*Your task*.
When you reach the line that contains "Consejero Javier Hurtado", please begin copying, and carry on exactly to the last line of the material, leaving out every picture.

*Supplied data*.
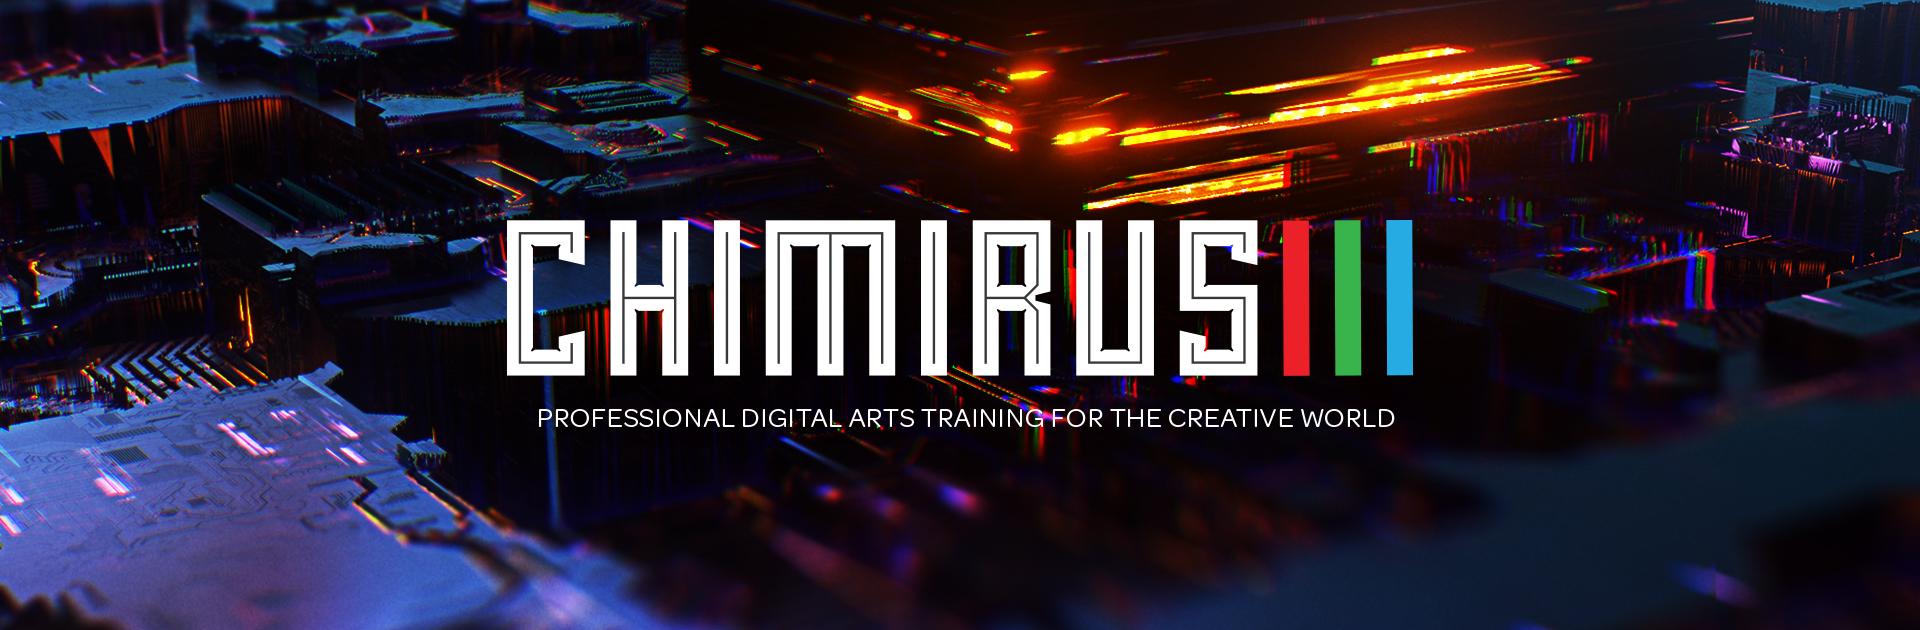 Chimirus_Web_Banner2.jpg
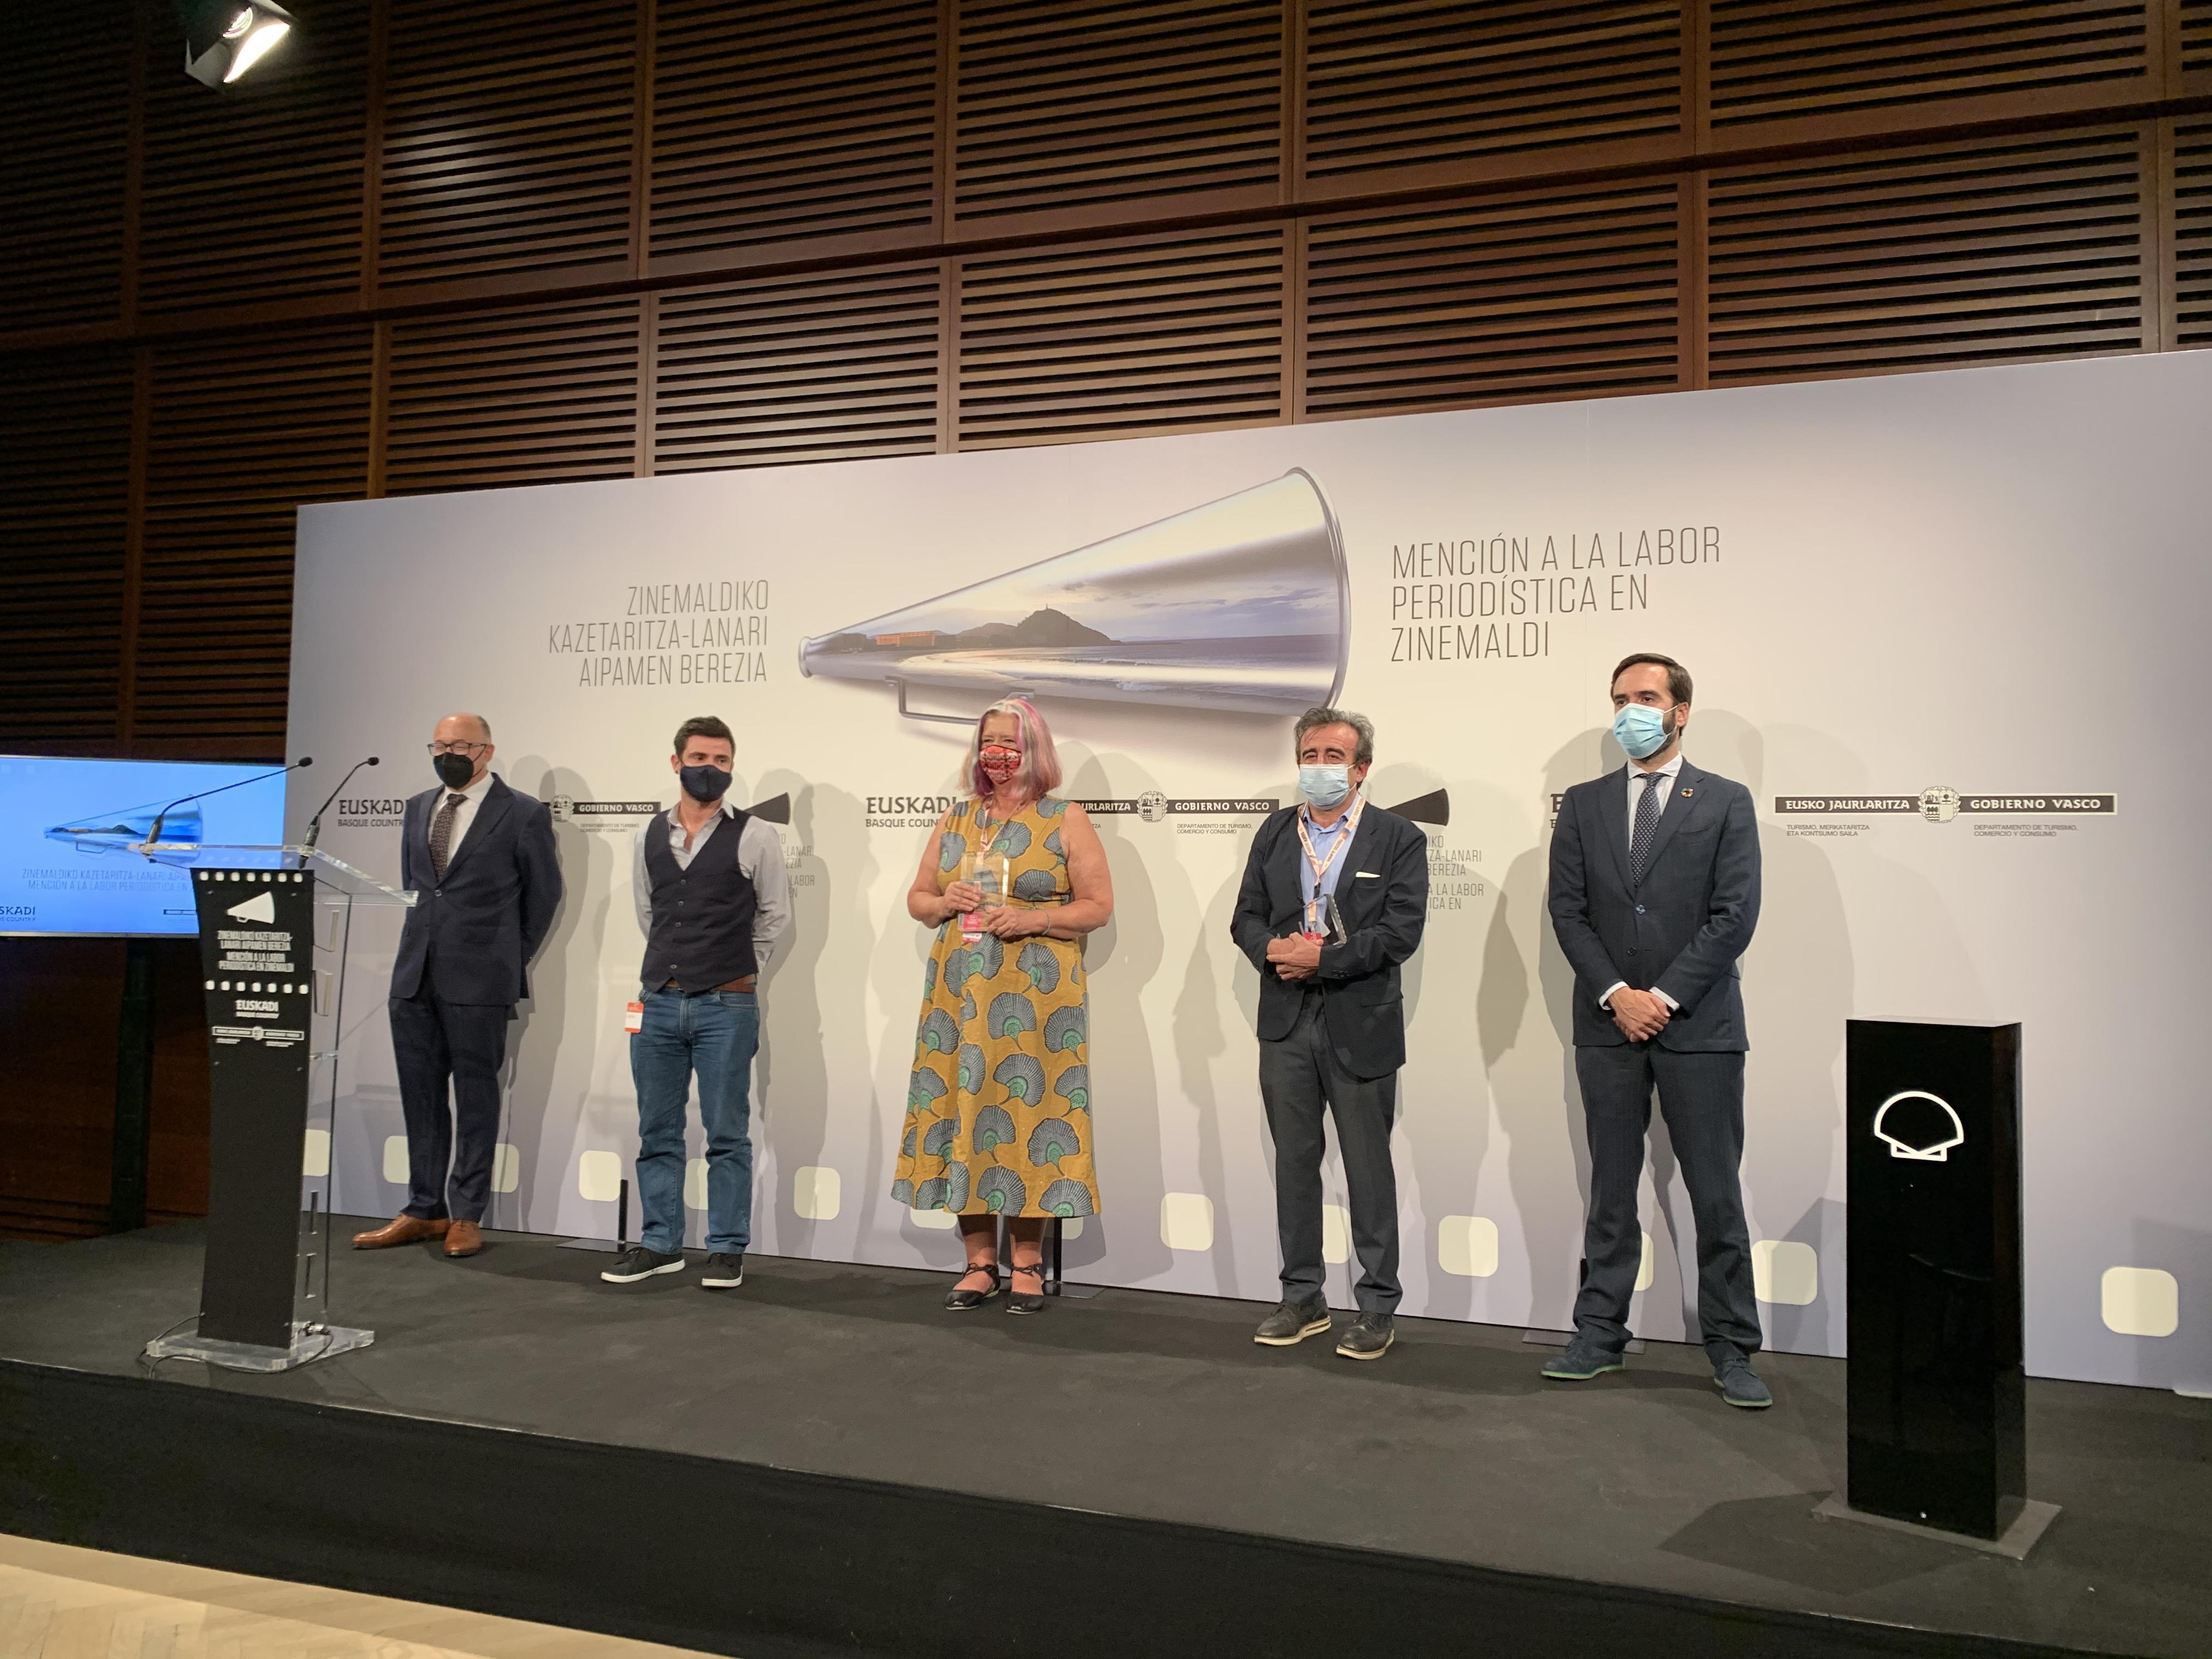 """El Consejero Javier Hurtado entrega la """"Mención a la labor periodística en Zinemaldia"""" a los críticos cinematográficos Oti Rodríguez y Stephanie Bunbury [0:00]"""
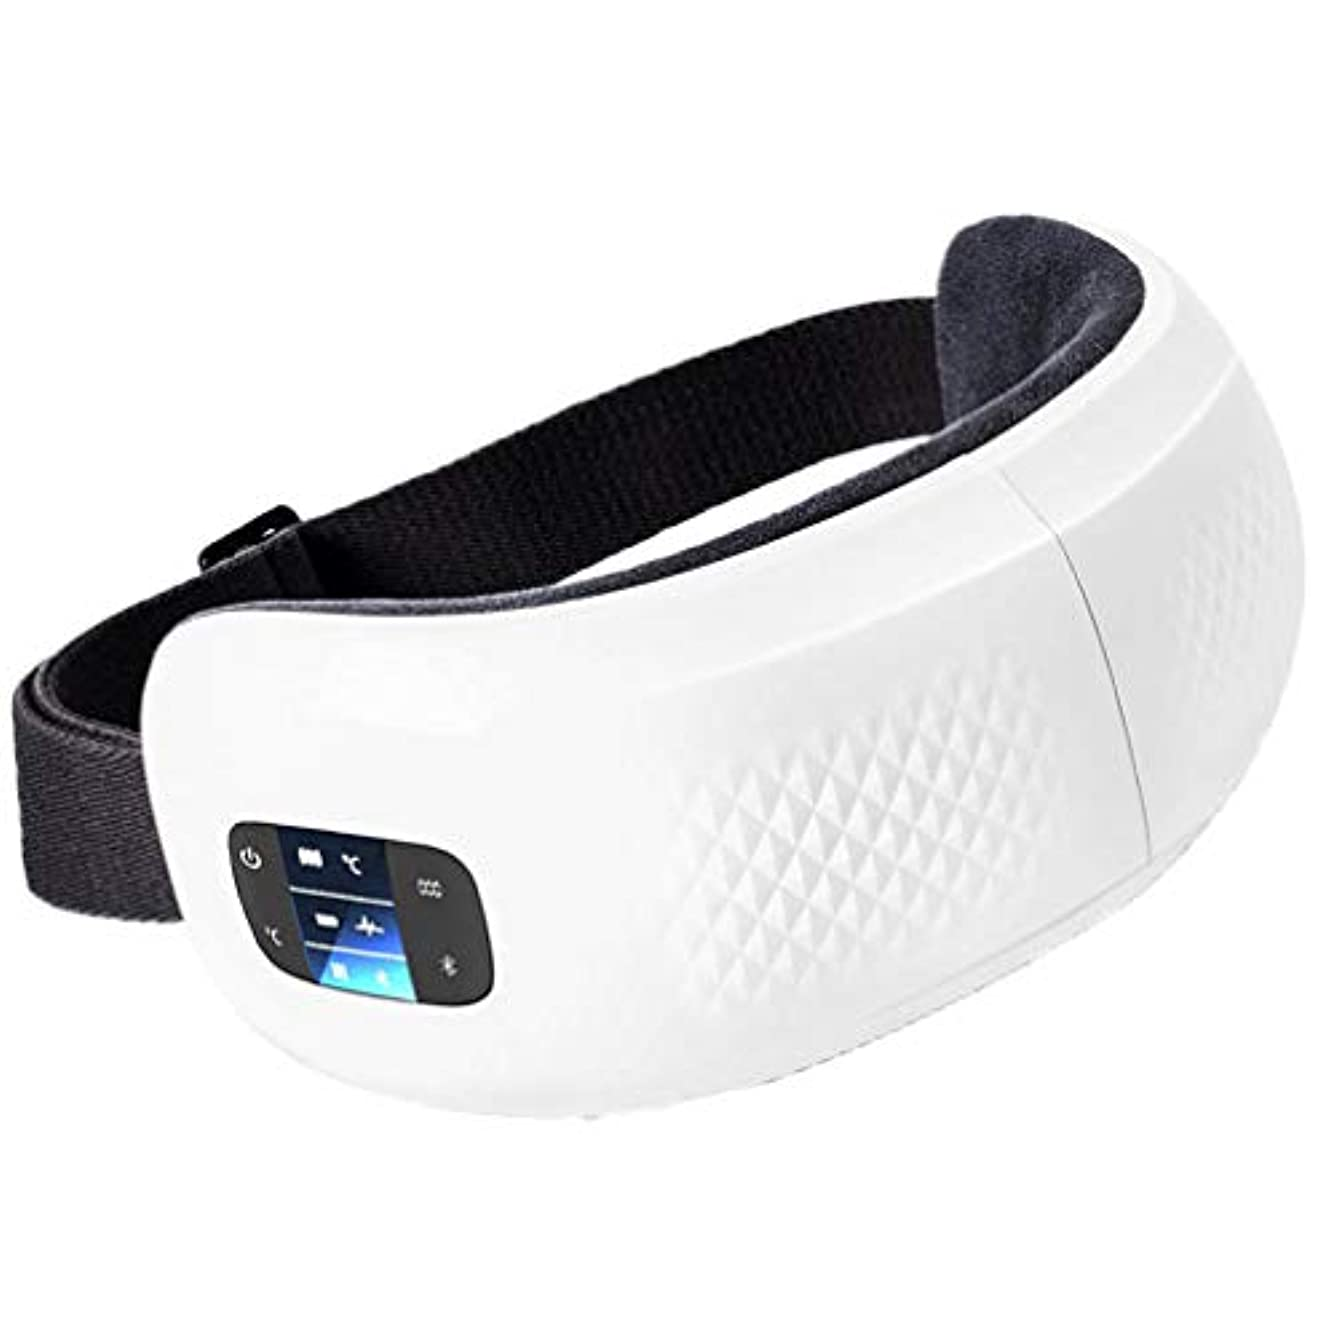 チューリップ木材誕生折り畳み式のワイヤレス電動アイマッサージャー振動マッサージ、熱/音楽/空気圧縮機能で目をリラックスさせ、くまや頭のストレスを軽減

*Task solution*.
 """El Consejero Javier Hurtado entrega la """"Mención a la labor periodística en Zinemaldia"""" a los críticos cinematográficos Oti Rodríguez y Stephanie Bunbury [0:00]"""
 チューリップ木材誕生折り畳み式のワイヤレス電動アイマッサージャー振動マッサージ、熱/音楽/空気圧縮機能で目をリラックスさせ、くまや頭のストレスを軽減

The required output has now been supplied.